Set down the data below exactly; pictures stay out.

Data provided
__________
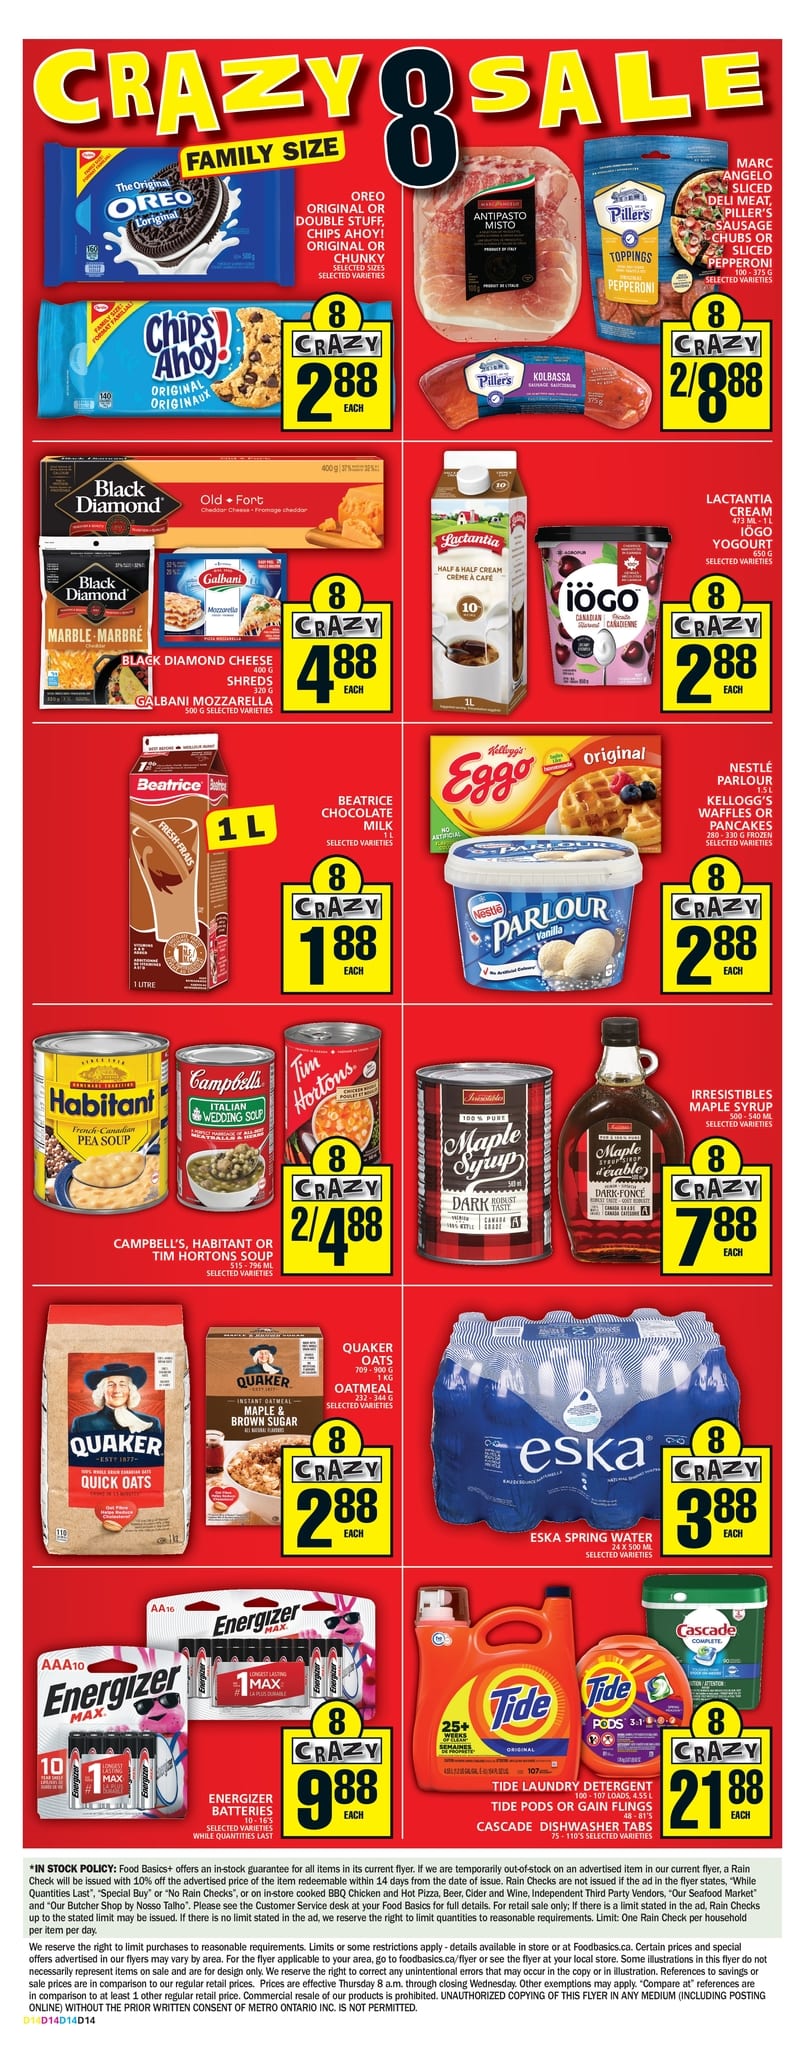 Food Basics - Weekly Flyer Specials - Page 2
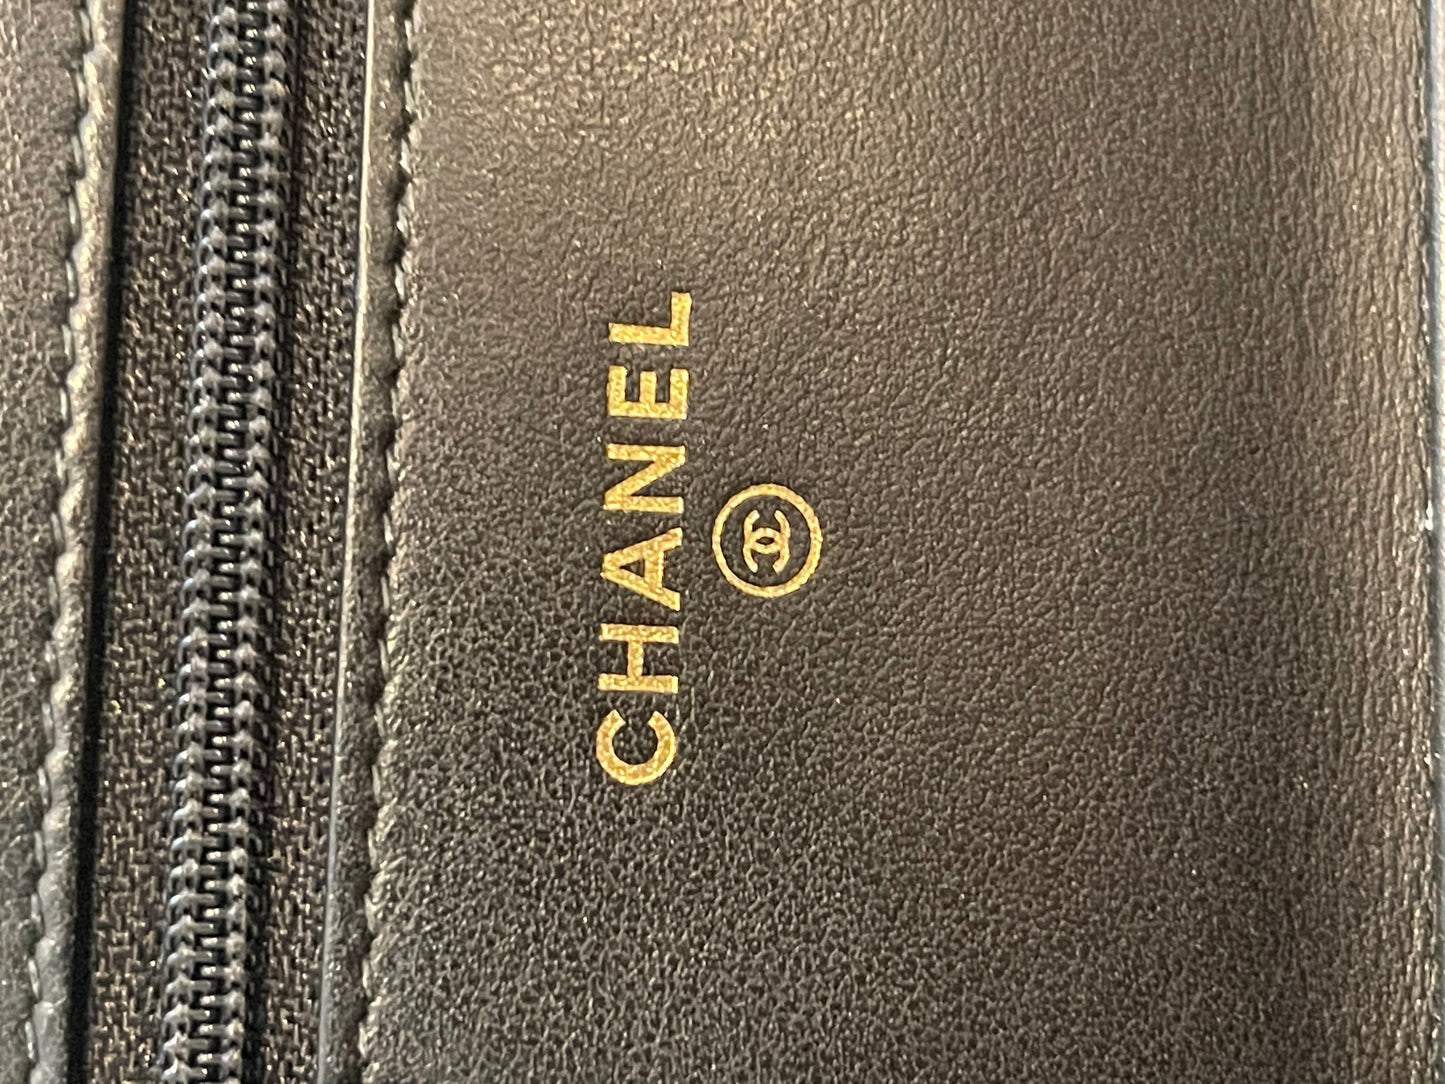 Chanel Wallet on Chain Quilted Cc Filigree Woc Black Caviar Leather Cross Body Bag
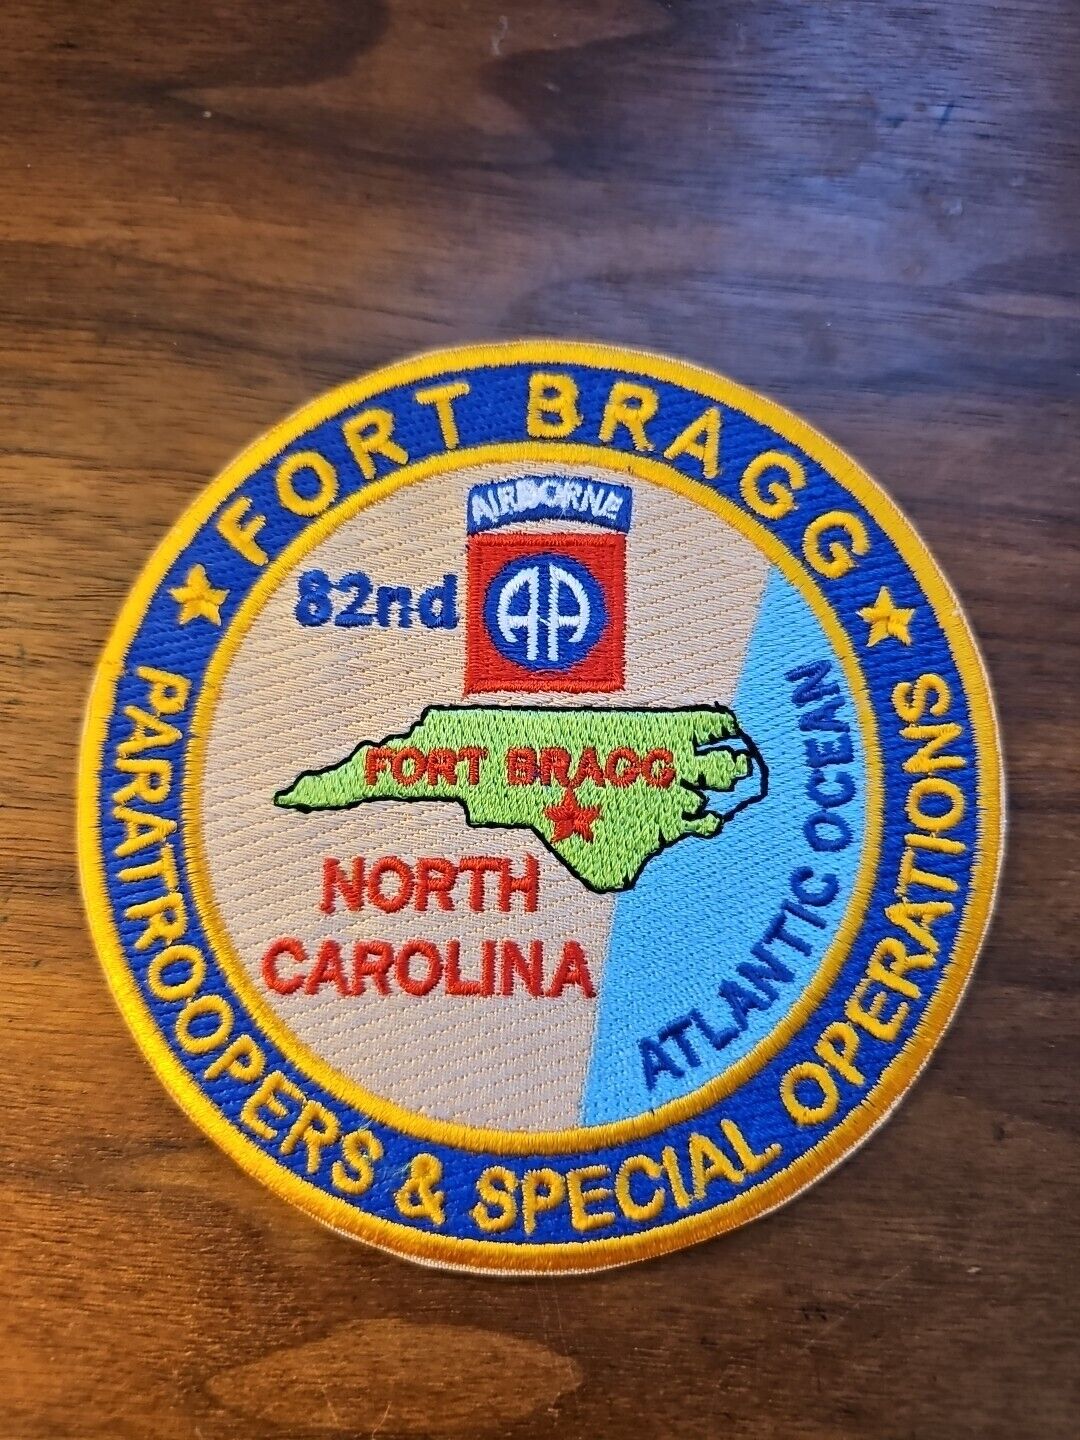 FORT BRAGG, NORTH CAROLINA, PARATROOPERS & SPECIAL OPERATIONS
__________
Response area
 Food Basics - Weekly Flyer Specials - Page 2
 Chanel Wallet on Chain Quilted Cc Filigree Woc Black Caviar Leather Cross Body Bag
 FORT BRAGG, NORTH CAROLINA, PARATROOPERS & SPECIAL OPERATIONS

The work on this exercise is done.